* **Work required**
Word for word, repeat the lines of the records from the one containing "Мужские брюки Nanamica" through the last line, both included.

═══ Materials provided

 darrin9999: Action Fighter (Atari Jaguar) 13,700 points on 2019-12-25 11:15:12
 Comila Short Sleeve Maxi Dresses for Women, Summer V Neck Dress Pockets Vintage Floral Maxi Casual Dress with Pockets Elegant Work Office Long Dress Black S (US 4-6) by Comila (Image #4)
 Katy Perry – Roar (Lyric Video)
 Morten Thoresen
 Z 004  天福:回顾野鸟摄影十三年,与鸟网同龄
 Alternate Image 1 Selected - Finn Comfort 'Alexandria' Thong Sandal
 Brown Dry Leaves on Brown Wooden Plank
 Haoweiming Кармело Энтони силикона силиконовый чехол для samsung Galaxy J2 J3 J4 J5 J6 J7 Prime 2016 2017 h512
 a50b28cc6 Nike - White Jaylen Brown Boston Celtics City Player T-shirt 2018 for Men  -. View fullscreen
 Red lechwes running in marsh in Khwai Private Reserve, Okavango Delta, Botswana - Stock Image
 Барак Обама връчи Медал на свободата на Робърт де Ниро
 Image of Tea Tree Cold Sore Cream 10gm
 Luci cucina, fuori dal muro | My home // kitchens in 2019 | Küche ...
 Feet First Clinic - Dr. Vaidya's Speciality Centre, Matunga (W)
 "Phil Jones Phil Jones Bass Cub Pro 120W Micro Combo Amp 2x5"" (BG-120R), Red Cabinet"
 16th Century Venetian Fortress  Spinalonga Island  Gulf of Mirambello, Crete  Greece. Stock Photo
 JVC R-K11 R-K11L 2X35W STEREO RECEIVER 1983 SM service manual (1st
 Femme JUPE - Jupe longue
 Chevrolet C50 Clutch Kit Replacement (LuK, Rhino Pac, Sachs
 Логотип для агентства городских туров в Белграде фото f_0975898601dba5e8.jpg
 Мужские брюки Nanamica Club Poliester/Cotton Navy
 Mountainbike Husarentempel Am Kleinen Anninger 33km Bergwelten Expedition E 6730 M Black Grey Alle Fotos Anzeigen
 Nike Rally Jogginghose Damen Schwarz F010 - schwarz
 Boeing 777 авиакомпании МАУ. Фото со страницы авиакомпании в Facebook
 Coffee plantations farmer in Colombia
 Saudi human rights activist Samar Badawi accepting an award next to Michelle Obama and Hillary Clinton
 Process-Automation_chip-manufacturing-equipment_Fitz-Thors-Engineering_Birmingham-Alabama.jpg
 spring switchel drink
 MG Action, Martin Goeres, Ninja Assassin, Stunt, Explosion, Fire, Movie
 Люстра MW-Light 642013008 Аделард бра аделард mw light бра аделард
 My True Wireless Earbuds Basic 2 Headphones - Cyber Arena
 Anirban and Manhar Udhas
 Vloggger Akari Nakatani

══════

* **Output**
 Мужские брюки Nanamica Club Poliester/Cotton Navy
 Mountainbike Husarentempel Am Kleinen Anninger 33km Bergwelten Expedition E 6730 M Black Grey Alle Fotos Anzeigen
 Nike Rally Jogginghose Damen Schwarz F010 - schwarz
 Boeing 777 авиакомпании МАУ. Фото со страницы авиакомпании в Facebook
 Coffee plantations farmer in Colombia
 Saudi human rights activist Samar Badawi accepting an award next to Michelle Obama and Hillary Clinton
 Process-Automation_chip-manufacturing-equipment_Fitz-Thors-Engineering_Birmingham-Alabama.jpg
 spring switchel drink
 MG Action, Martin Goeres, Ninja Assassin, Stunt, Explosion, Fire, Movie
 Люстра MW-Light 642013008 Аделард бра аделард mw light бра аделард
 My True Wireless Earbuds Basic 2 Headphones - Cyber Arena
 Anirban and Manhar Udhas
 Vloggger Akari Nakatani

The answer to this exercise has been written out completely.